Participant Eligibility

AD
Inclusion Criteria
Diagnosis of AD status is based on NINCDS-ADRDA criteria128.

* Men and women >=50 years of age with a diagnoses of Probable AD

* Must have information regarding duration of symptoms of dementia

* MMSE score >16 (Hispanic subjects >= 11) with WORLD

* Must be willing and able to provide a blood specimen at baseline

* Participants should be residents of Texas or a surrounding state, within the catchment area for the center where they are enrolled, with the expectation that they will be able to return for follow-up visits.

* All information must be informantxbased (provided by someone other than the person being recruited) with reliability of informant based on judgment of examiner
Mild Cognitive Impairment (MCI)
Inclusion Criteria

* Men and women >=50 years of age with diagnosis of MCI (see Diagnosis of MCI below)

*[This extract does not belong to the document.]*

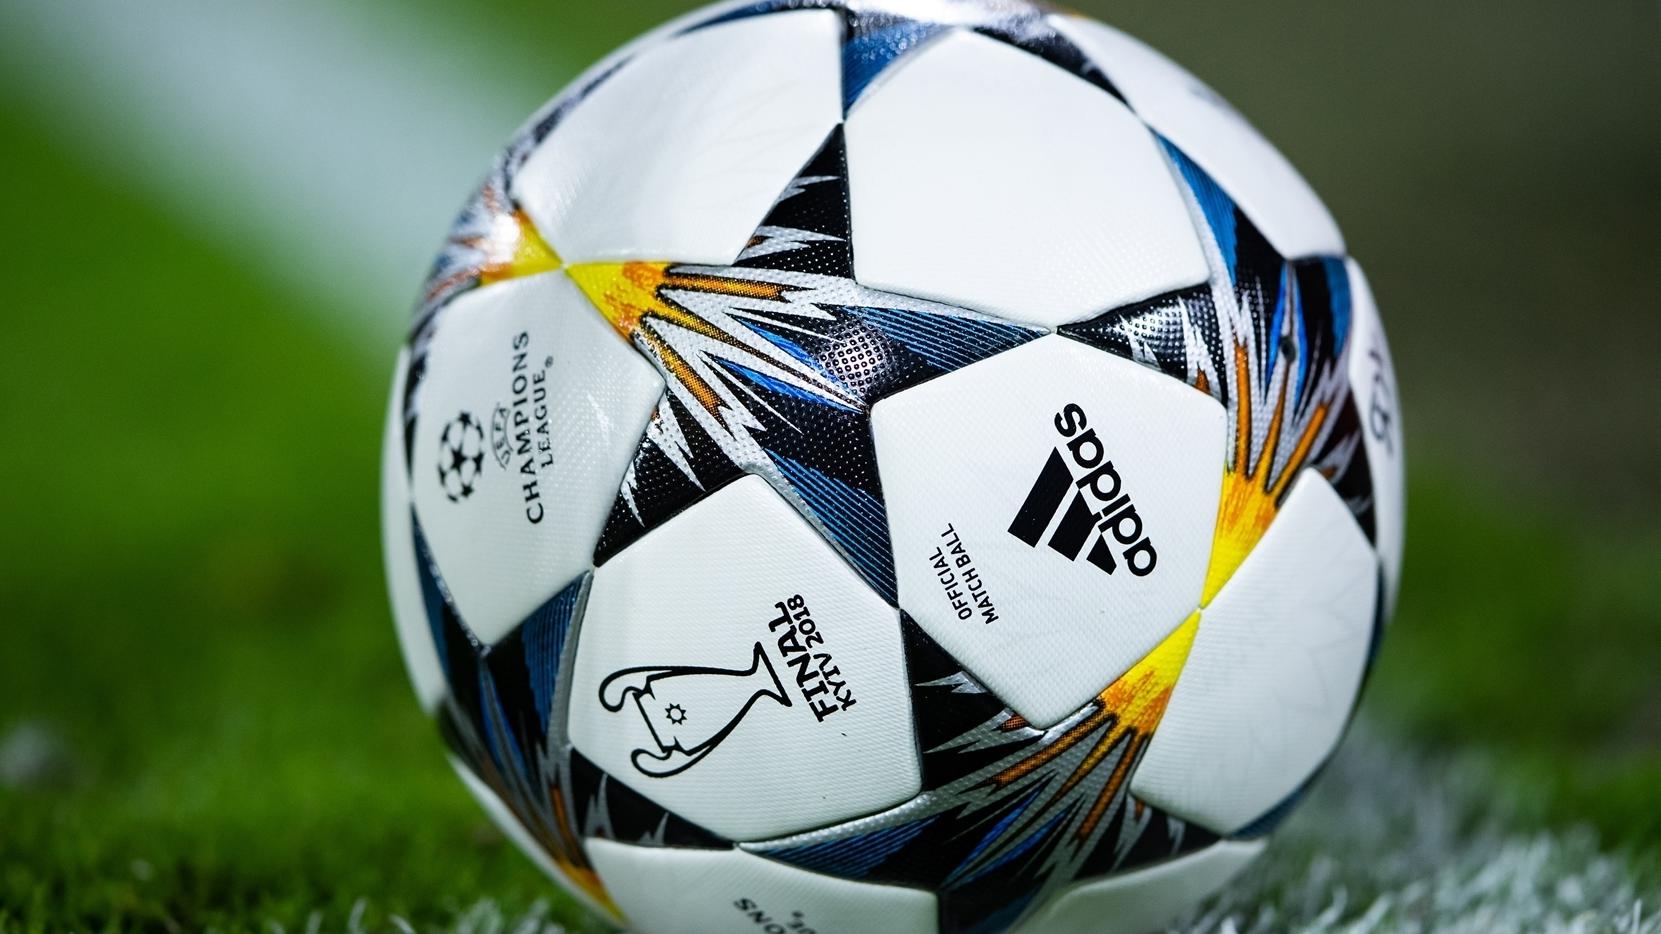 Adidas announced as exclusive global sponsor of UEFA Women's

* Must have information regarding duration of symptoms of MCI

* Must be willing and able to provide a blood specimen at baseline

* Participants should be residents of Texas or a surrounding state, within the catchment area for the center where they are enrolled, with the expectation that they will be able to return for follow-up visits.

* All information must be informantxbased (provided by someone other than the person being recruited) with reliability of informant based on judgment of examiner

Diagnosis of MCI based on the following:

* Cognitive complaint, confirmed by informant

* Cognition judged to be impaired for age and confirmed by neuropsychological testing

* Preserved general cognitive functioning

* Instrumental activities of daily living consistent with a diagnosis of MCI in the opinion of the clinician/consensus review

* Not demented; CDR Sum of Boxes score >= 0.5 and global CDR < 1

All subtypes of MCI (Amnestic x single domain, Amnestic x multi domain, Non-Amnestic x single domain, Non-Amnestic x multi domain) will be recruited.

Note: MCI is a clinical diagnosis without reliance on specific neurocognitive tests and/or cut-scores. However, all MCI patients must undergo consensus-based diagnosis similar to AD and control participants and all available information should be reviewed to assign this clinical diagnosis. It is expected that some form of a list-learning task will be included as part of the neuropsychological examinations at each site to capture the milder forms of amnestic-related MCI.
Cognitively normal controls
Inclusion Criteria

* Men and women >=50 years of age

* CDR Global Score = 0 and CDR Sum of Box Score = 0

* Normal cognition and function based on reliable informant report

* Judged to be cognitively within normal limits based on consensus review, including neuropsychological testing

* Must be willing and able to provide a blood specimen at baseline

* Participants should be residents of Texas or a surrounding state, within the catchment area for the center where they are enrolled, with the expectation that they will be able to return for follow-up visits.

* All information must be Informantxbased (provided by someone other than the person being recruited) with reliability of informant based on judgment of examiner

Potentially allowable conditions

* History of conditions having the potential to affect cognition (e.g., heart attack, mild head injury) are allowed, providing no evidence of residual cognitive dysfunction on general medical evaluation and condition no longer active

* Active, chronic medical disease (e.g. diabetes, hypertension, thyroid) providing condition is adequately controlled and not causing cognitive compromise

* Subjects who are treated for depression but do not currently meet criteria for Major Depressive Disorder can be included.